(RECORDS SUPPLIED):
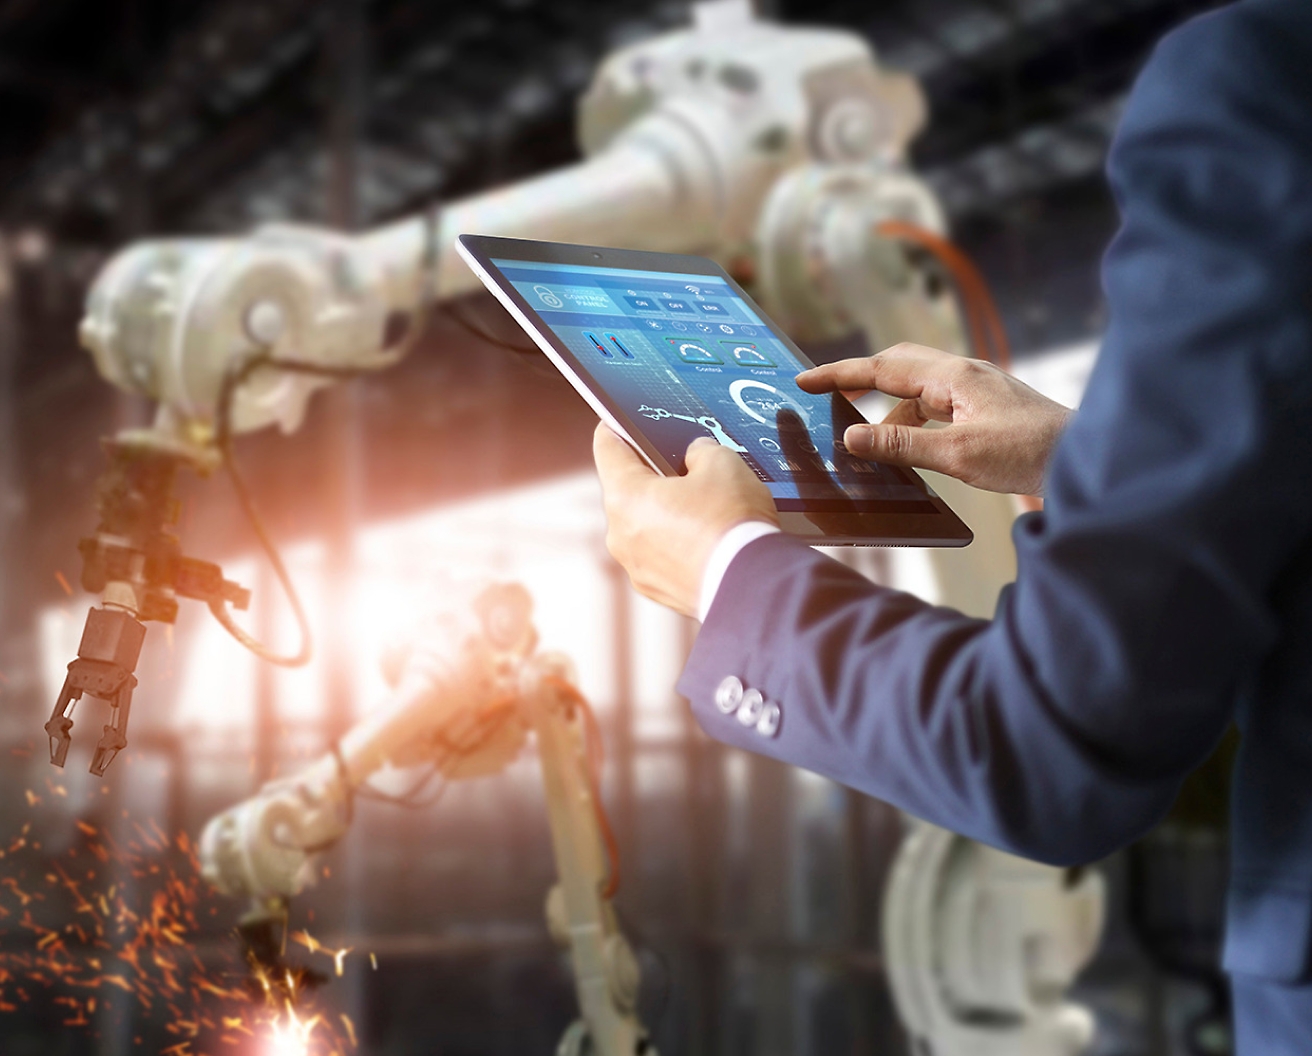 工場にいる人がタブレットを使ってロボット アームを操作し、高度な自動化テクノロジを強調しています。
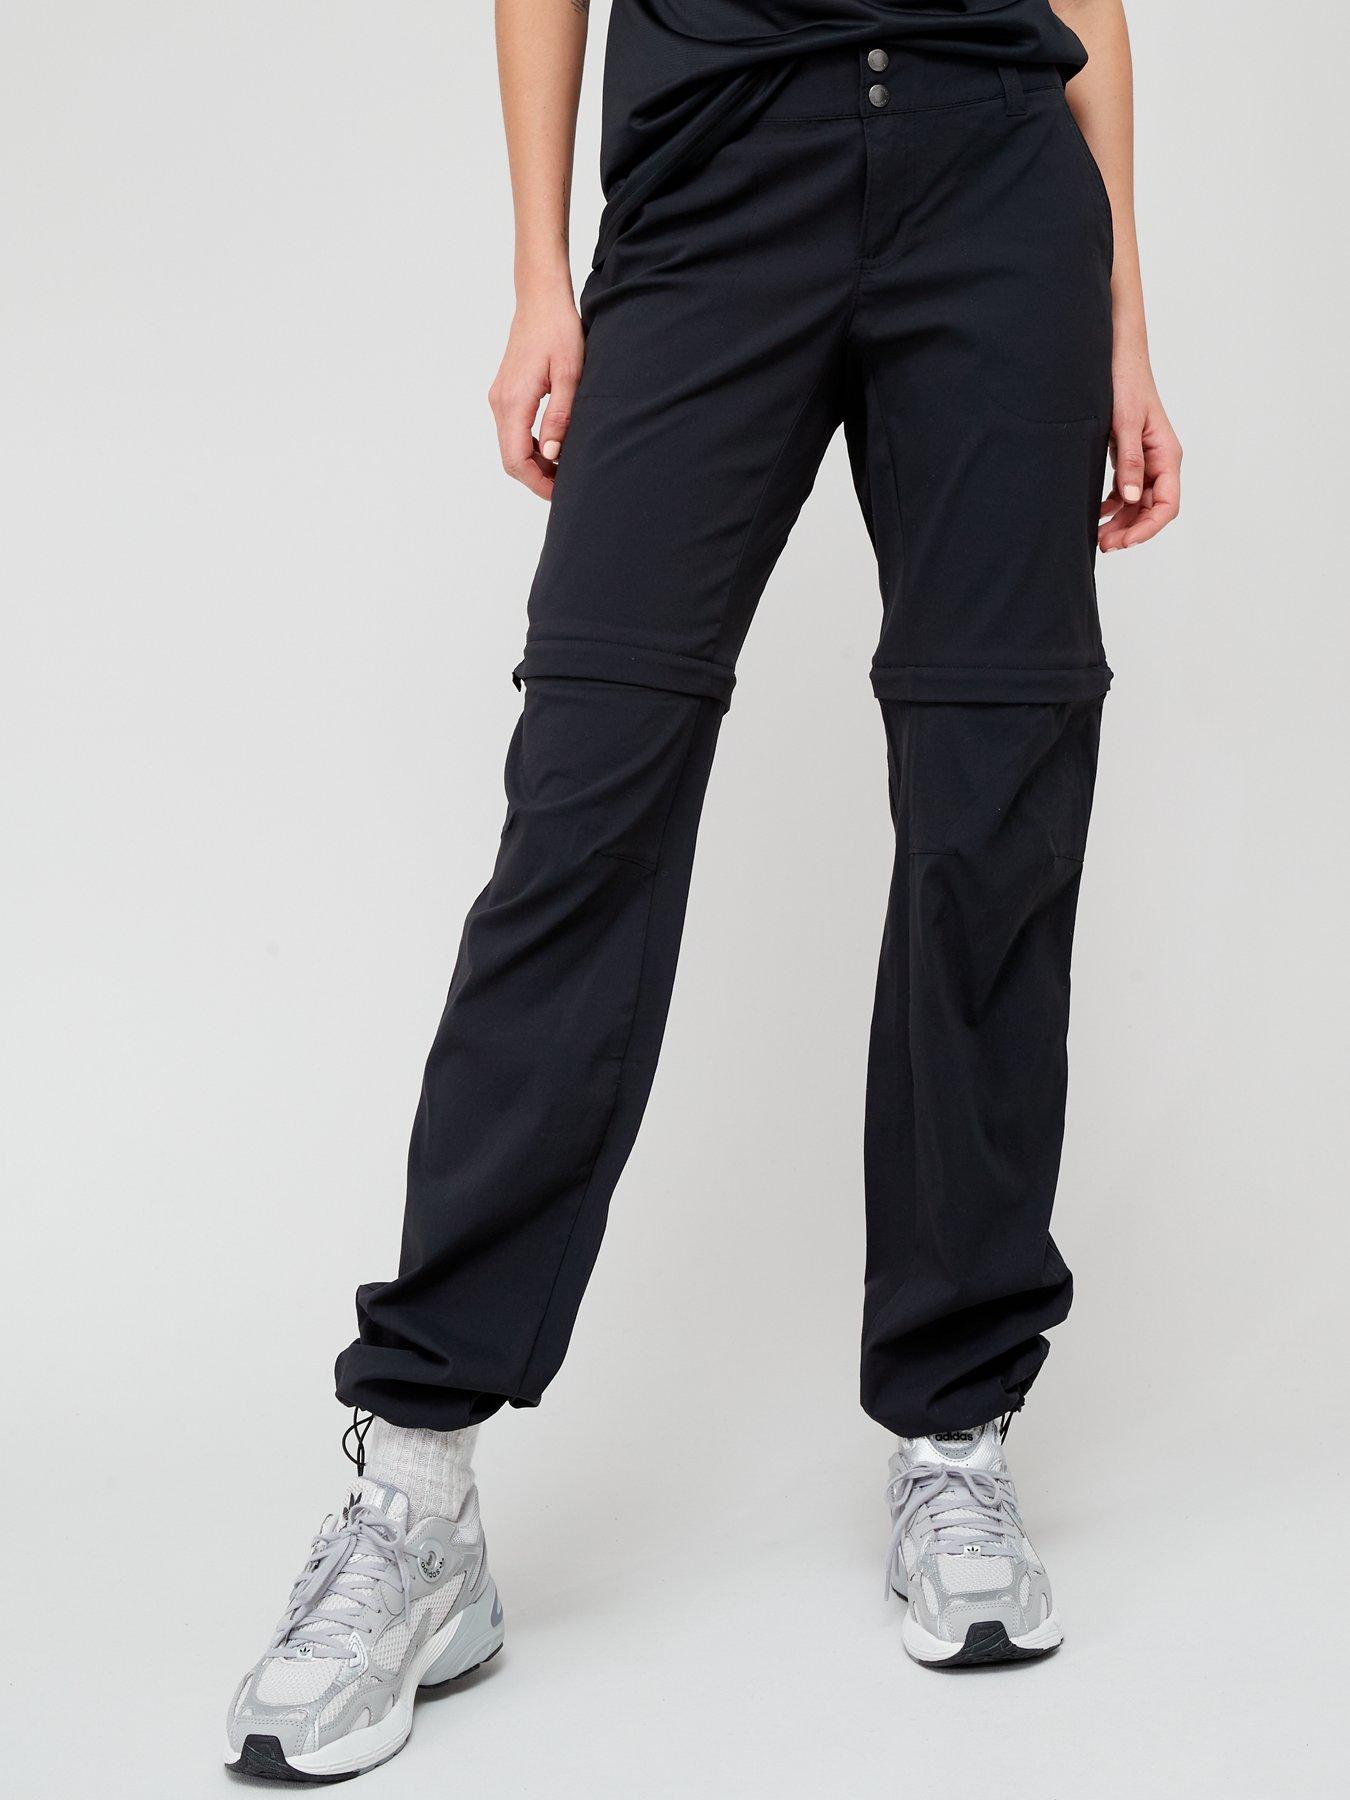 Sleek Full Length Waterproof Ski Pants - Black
...
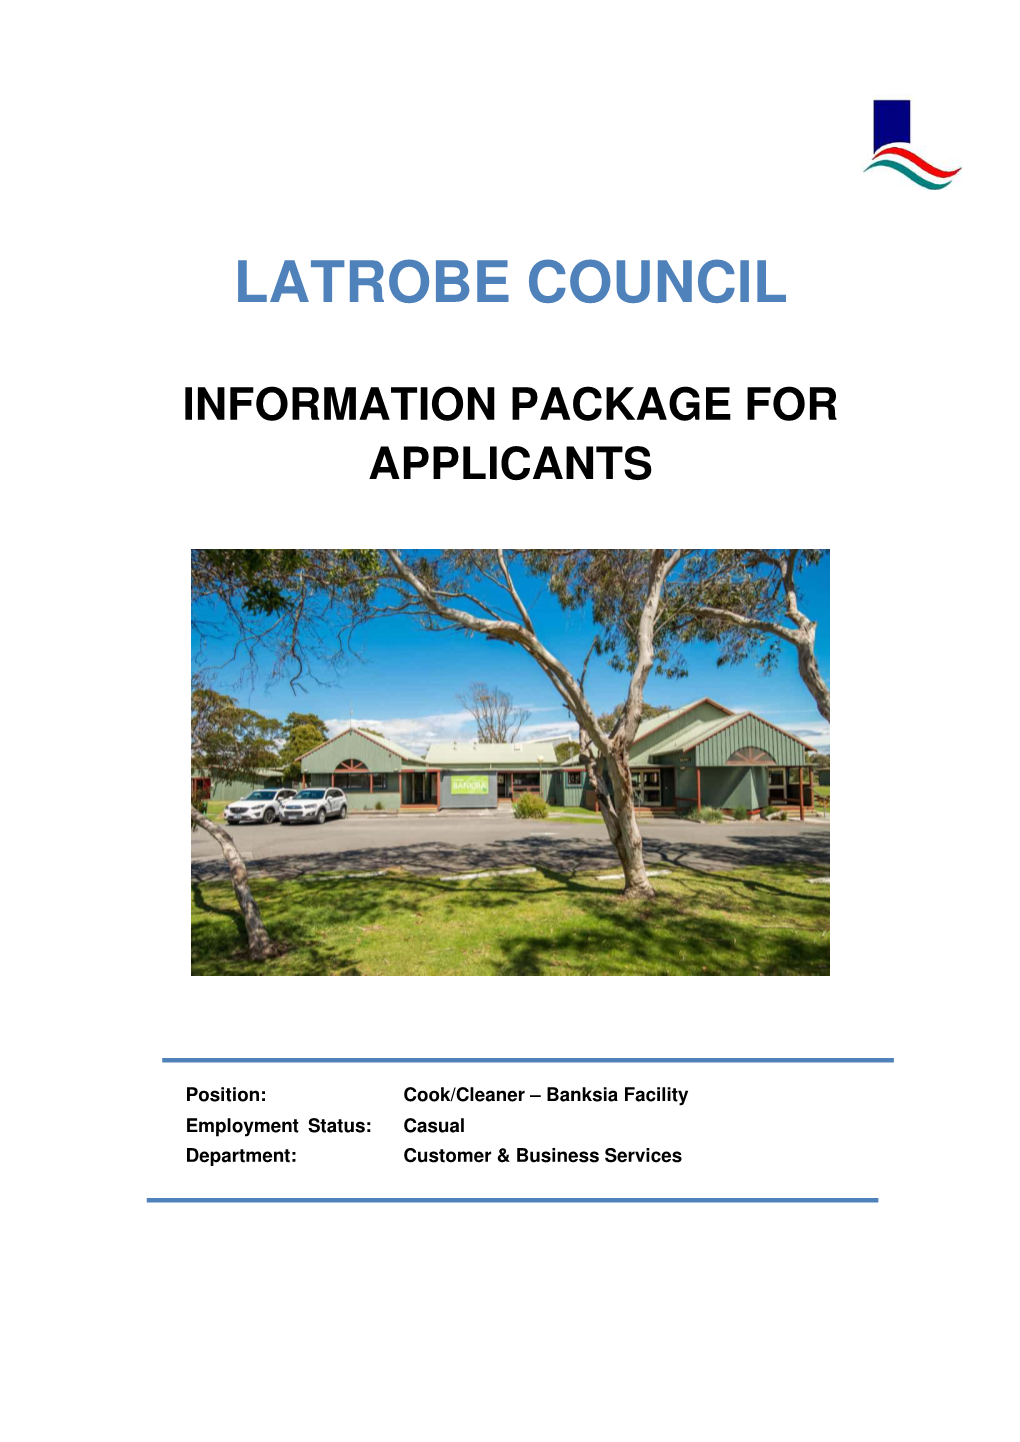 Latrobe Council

(EXERCISE OBJECTIVE): Please copy the lines above exactly, starting at the line that holds "工場にいる人がタブレットを使" and ending at the line that holds "Sleek Full Length"; include both, but no pictures.

(RESULT):
 工場にいる人がタブレットを使ってロボット アームを操作し、高度な自動化テクノロジを強調しています。
 Sleek Full Length Waterproof Ski Pants - Black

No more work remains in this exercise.